Yeah, but public pays so much lower now why even both starting at a public? and I’m saying this as someone who spent 7 years in audit, when I left earlier this year, there were entire classes below me who are just 100% gone, my office didn’t even have anyone they can promote to manager, meanwhile managers and senior managers are quitting at record levels. Public accounting sure wants to weed people out, but never at this 100% level, to the point where we’re having partners who are acting as in charges on jobs, because they don’t have SM, managers, or even a proper senior on a job, just a second year staff leading a couple interns and off shore staffs. That’s the reality, it’s long past the ‘people who want to make partner stay and put in the work for a future payoff, and everyone else fucks off after a few years for a better job in private’, it’s everyone is gone, let’s have this random person from India do some opening balance sheet testing by themselves 🙂
Salary compression is going to start to be a thing … it’s one thing to try to attract new entrants … but, as the salary increases at the lowest level start to bump up against the Seniors -> Managers -> Sr Mgrs/Directors -> it’ll start to get untenable for partner profitability … it’s not a problem until it is …

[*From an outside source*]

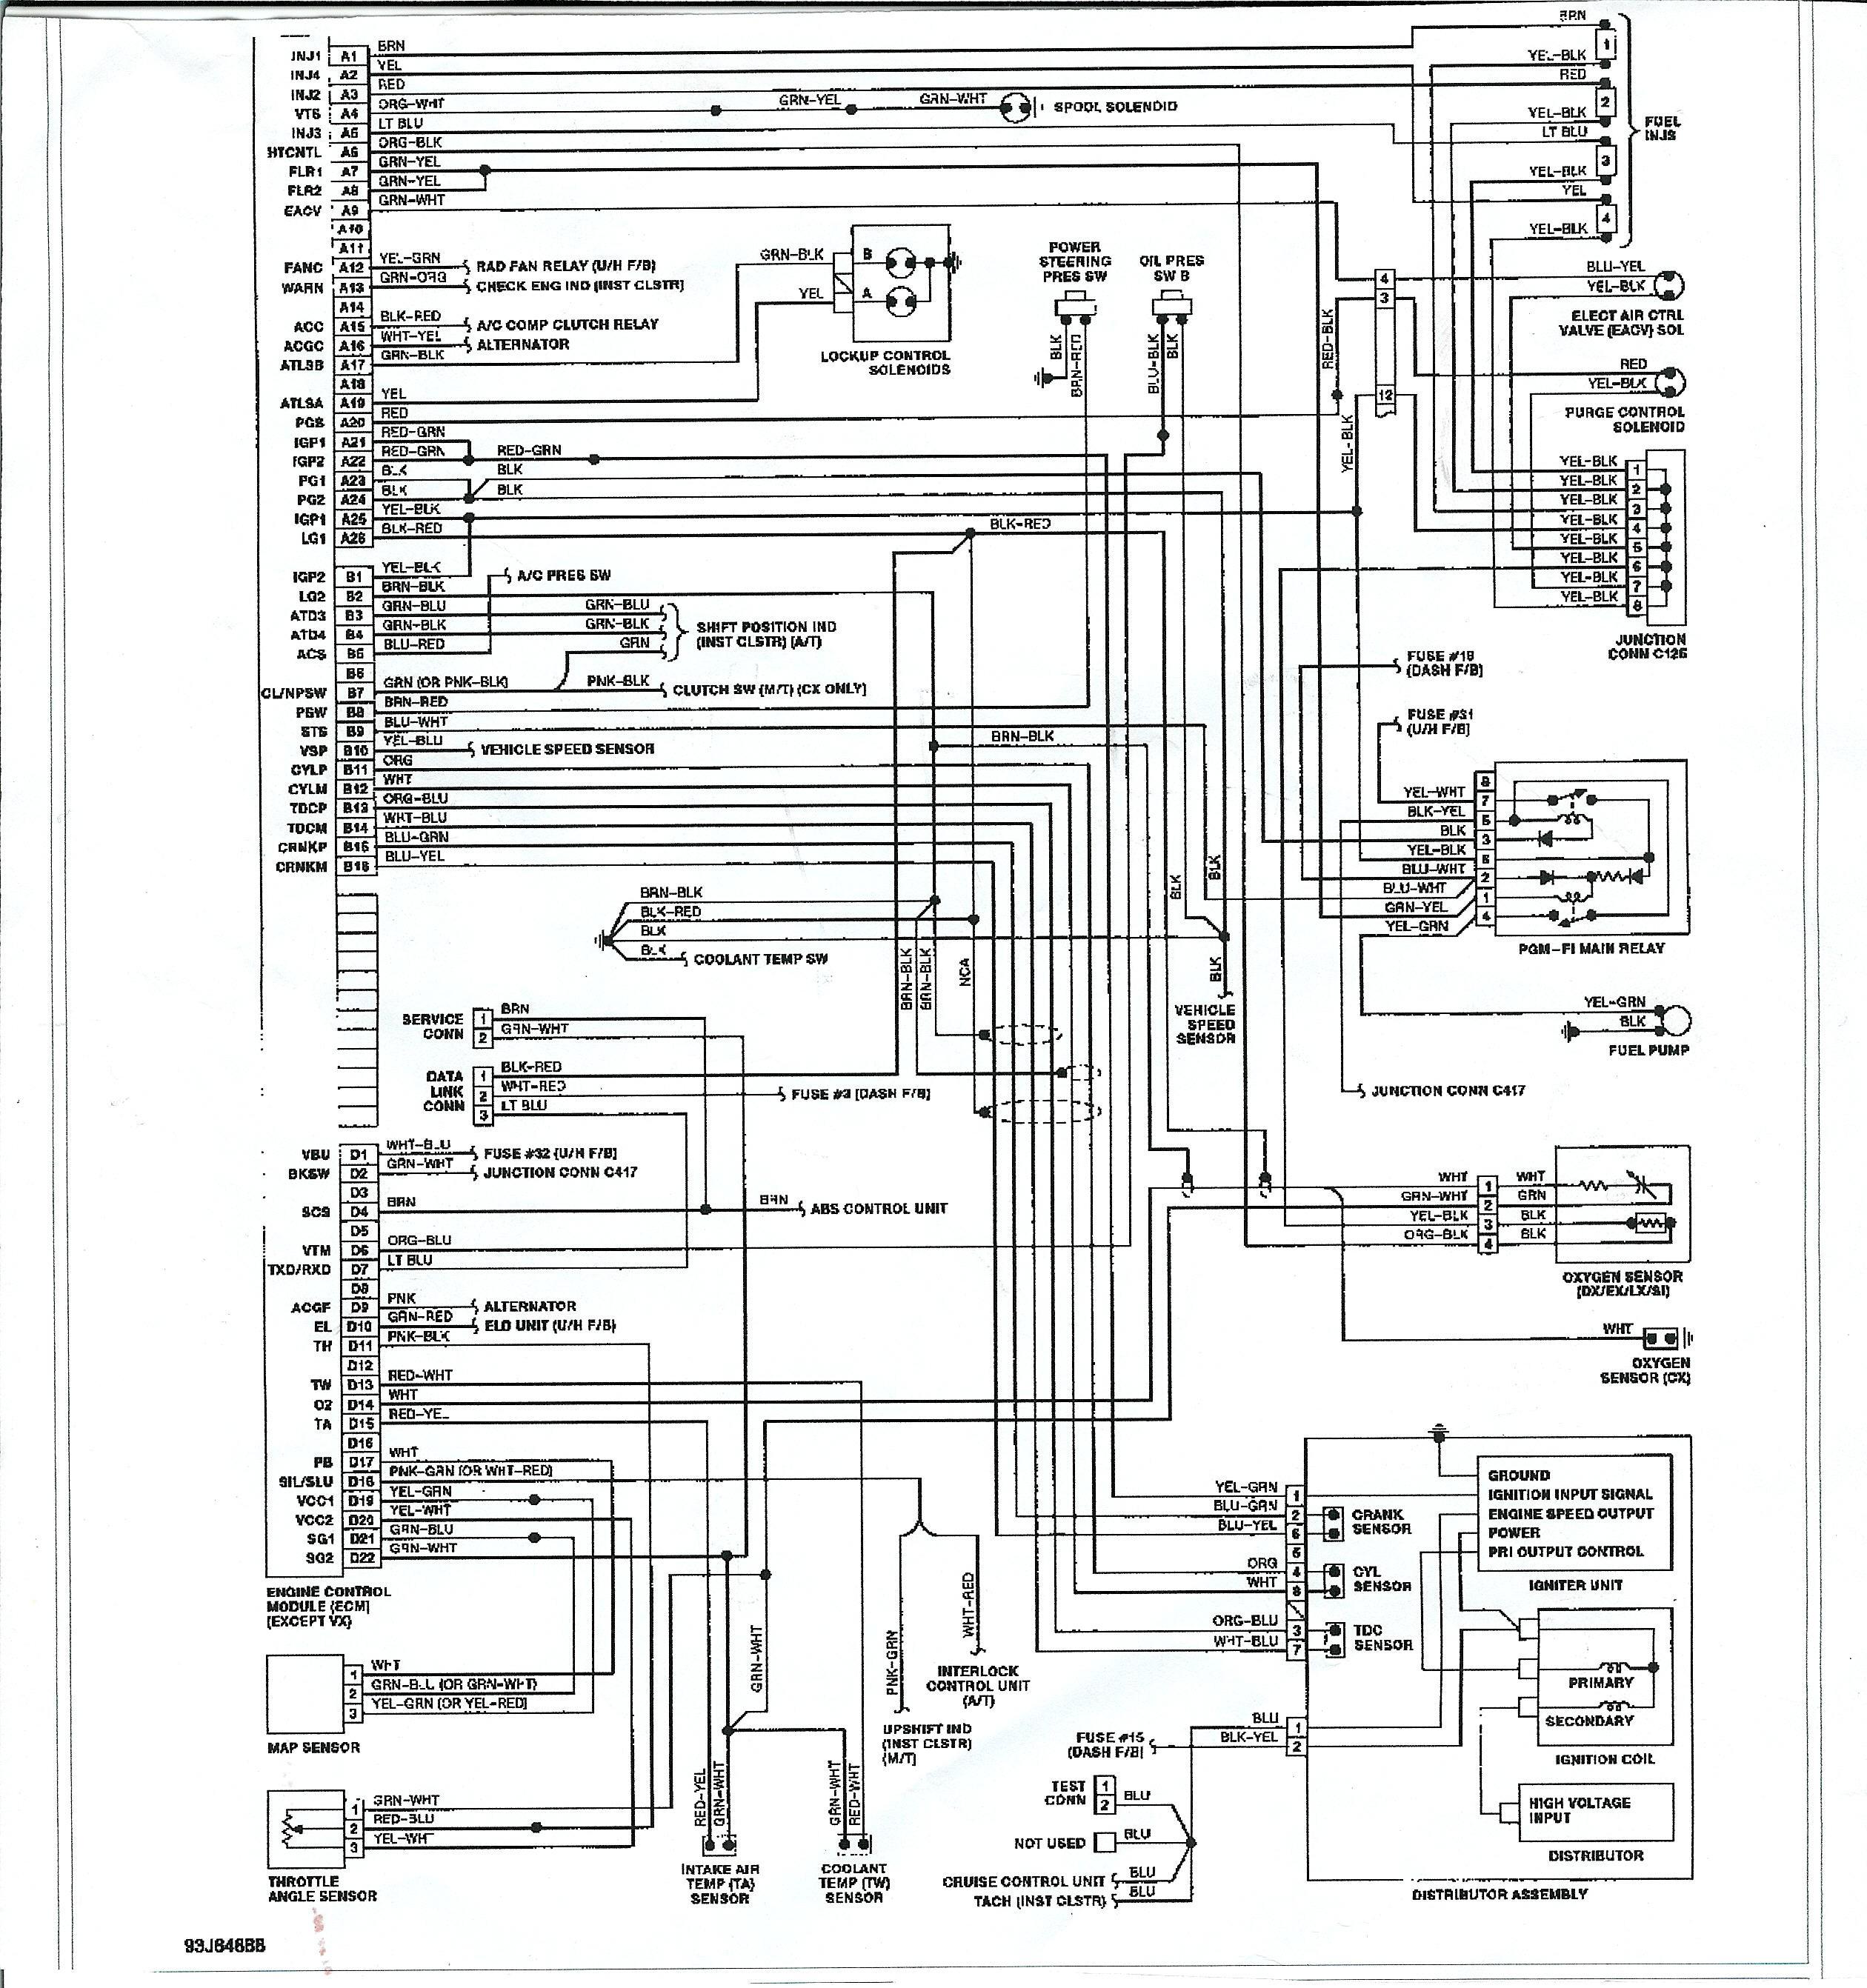 95 honda civic engine diagram my wiring diagram 94 honda civic engine diagram honda civic engine diagram unusual 1995 toyota 4runner wiring diagram gallery electrical rh eidetec

We’re long overdue for increases across the board in accounting. Its not right that I started at $55k back in 2010 and many firms aren’t much higher than that 12 years (and lots of inflation) later.
Its not like the partners at these firms couldn’t eat some of the cost too. They’ve been making out like bandits for years.
We should be more like commercial banks. Entry level is $40k per year, but they get a VP title.